Olive Estate has also been given consent to discharge 600 litres per second of water into Harts Creek (along Fairise Drive in Richmond South). With the reservoir above Fairise drive already expanded to hold storm water from the new Hill Street South development, its likely more water will be entering Harts creek.
In my opinion, council needs to urgently address improvements to Harts creek. This might only be digging it out deeper to allow it to hold more water, and replacing the narrowed pipe between Harts creek culvert and Bateup Road culvert. If this is not done, then I envisage even more water will spilling out of Harts creek, and making its way down Bateup Road in an uncontrolled fashion. Which is exactly what happened in the 2011 floods.
Unfortunately, I have got little support from the other Richmond councillors to invest money in fixing well known hotspots. In my opinion, council should be protecting homes from flooding, before spending money on other projects (like new traffic lights on Salisbury Road or road widening in Lower Queen Street). Its about priorities.
Council is also addressing Borcks creek which much of the Richmond storm water systems were designed to connect into. In fact, Richmond South was at one point in time, prevented from further residential development until Borck’s creek connection work was complete. How this condition was ever removed from the District Plan is beyond me, especially when the revised plan sought to intensify development in the Richmond South area.
For more detail around what is (or is not planned) see the document entitled “Stormwater Activity Management Plan” located at http://www.tasman.govt.nz/policy/public-consultation/2015-2025-long-term-plan/supporting-information/#amps.
Water (supply and quality)
The council has already undertaken to improve water quality in Richmond. In my opinion, infrastructural investment which was well overdue, and should have been done sometime ago before spending money on community development initiatives (like recreation centres). Its about priorities! Fortunately this has now been done, with the new water treatment station coming online this year.
At present council is trying to supply water more water to the Richmond South development area (south of Hart’s Road). To do this council is shifting water around during low consumption periods (mainly over night). Should council be investing in better water supply infrastructure, rather than putting together infrastructure in an ad hoc fashion?
Water charges and expenditure
Water charges are increasing to service expenditure.
Operating expenditure increases from $11.2 to $16.1 million over the 10 year period. This is due to inflation, increased loan servicing costs and network growth.
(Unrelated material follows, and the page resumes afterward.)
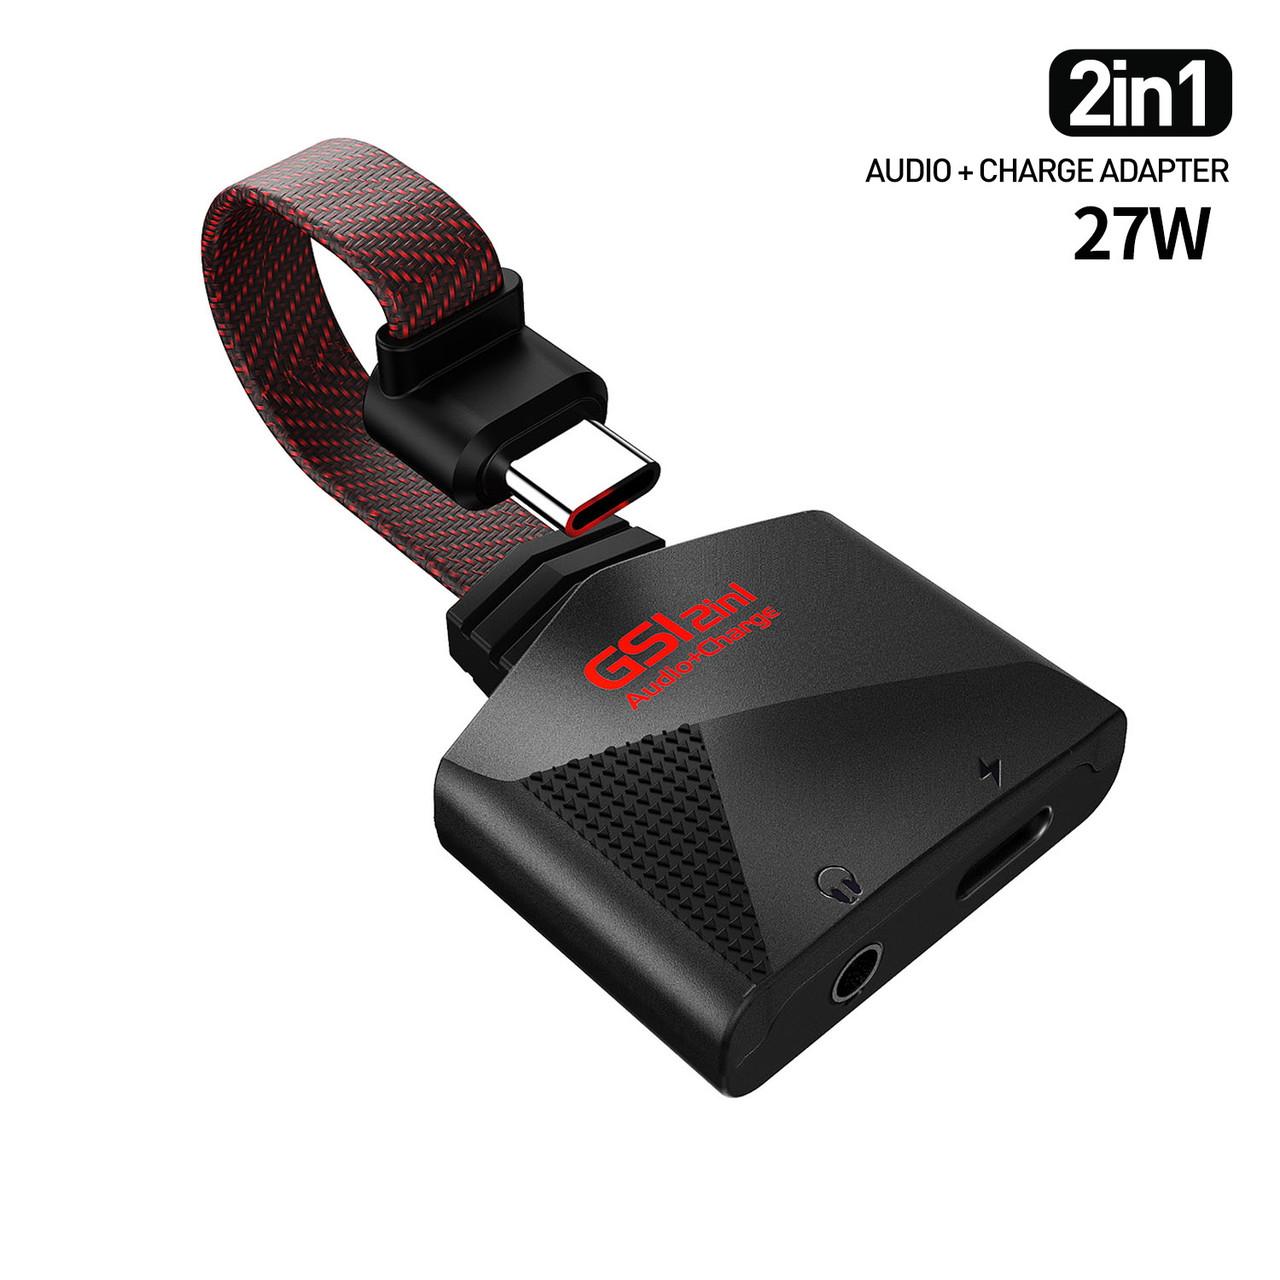 Аудіо адаптер Type-C на mini-jack 3.5 мм + Type-C перехідник спліттер для зарядки 27W PD 3.0 і навушників

To address increasing expenditure, the daily charge is proposed to rise from $0.82 to $1.25 over the 10 year period. The volume per cube is proposed to rise from $2.09 to $3.15 over the 10 year period.
This roughly translates into the following revenue forecast.
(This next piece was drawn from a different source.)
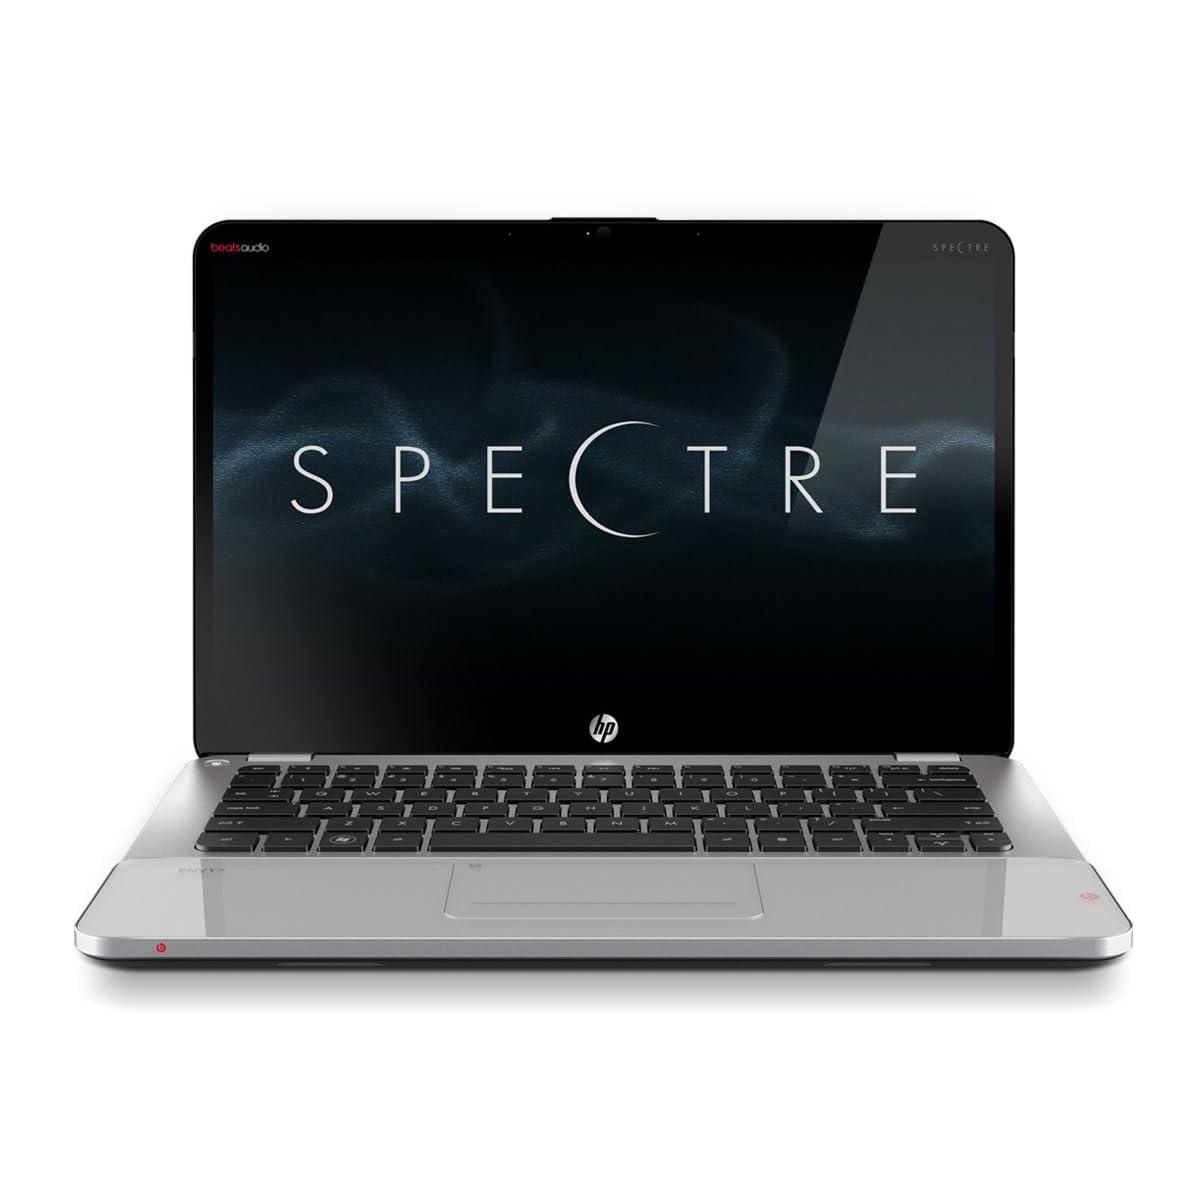 [Consulta] Hp Envy Spectre o Asus Zenbook

Capital expenditure fluctuates over the 10 year period. The notable peak in year 2017-18, in addition to the dam, is due to the Wakefield Treatment Plant ($4,000,000) project.
For more detail around what is (or is not planned) see the document entitled “Water Supply Activity Management Plan” located at http://www.tasman.govt.nz/policy/public-consultation/2015-2025-long-term-plan/supporting-information/#amps.
The roading budget has been reduced. This has been achieved by sweating the assets more than in the past. Effectively, roading assets were being replaced (maintained) at very high levels, often being replaced in anticipation of deterioration based on industry best practice, rather than evaluating if the road actually needed to be replaced.
In my opinion, the council has a very high level of service in roading compared to the past. You only have to look around to see a high level of capital investment. For example: a pedestrian island on Hill Street with Steel protection barriers, that only has room for one person; traffic lights on Salisbury road when a cheaper round-about would have done the trick; roads being unnecessarily widened in anticipation of increasing use, rather than responding to increasing use; sealing roads that perhaps should not have been sealed, and then having to maintain them.
The roading work that is projected to be done is outlined in the councils activity management plans. These can be viewed in the document entitled “Transportation Activity Management Plan” located at http://www.tasman.govt.nz/policy/public-consultation/2015-2025-long-term-plan/supporting-information/#amps.
If you think some projects are unnecessary – then let council know in your submission.
More traffic lights?
In my opinion, the roading budget needs to be reduced further. For example, the long term plan is proposing two more sets of traffic lights on Salisbury Road. One at the T-junction of William Street, and another replacing the old round-about at the Queen Street\Salisbury Road intersection.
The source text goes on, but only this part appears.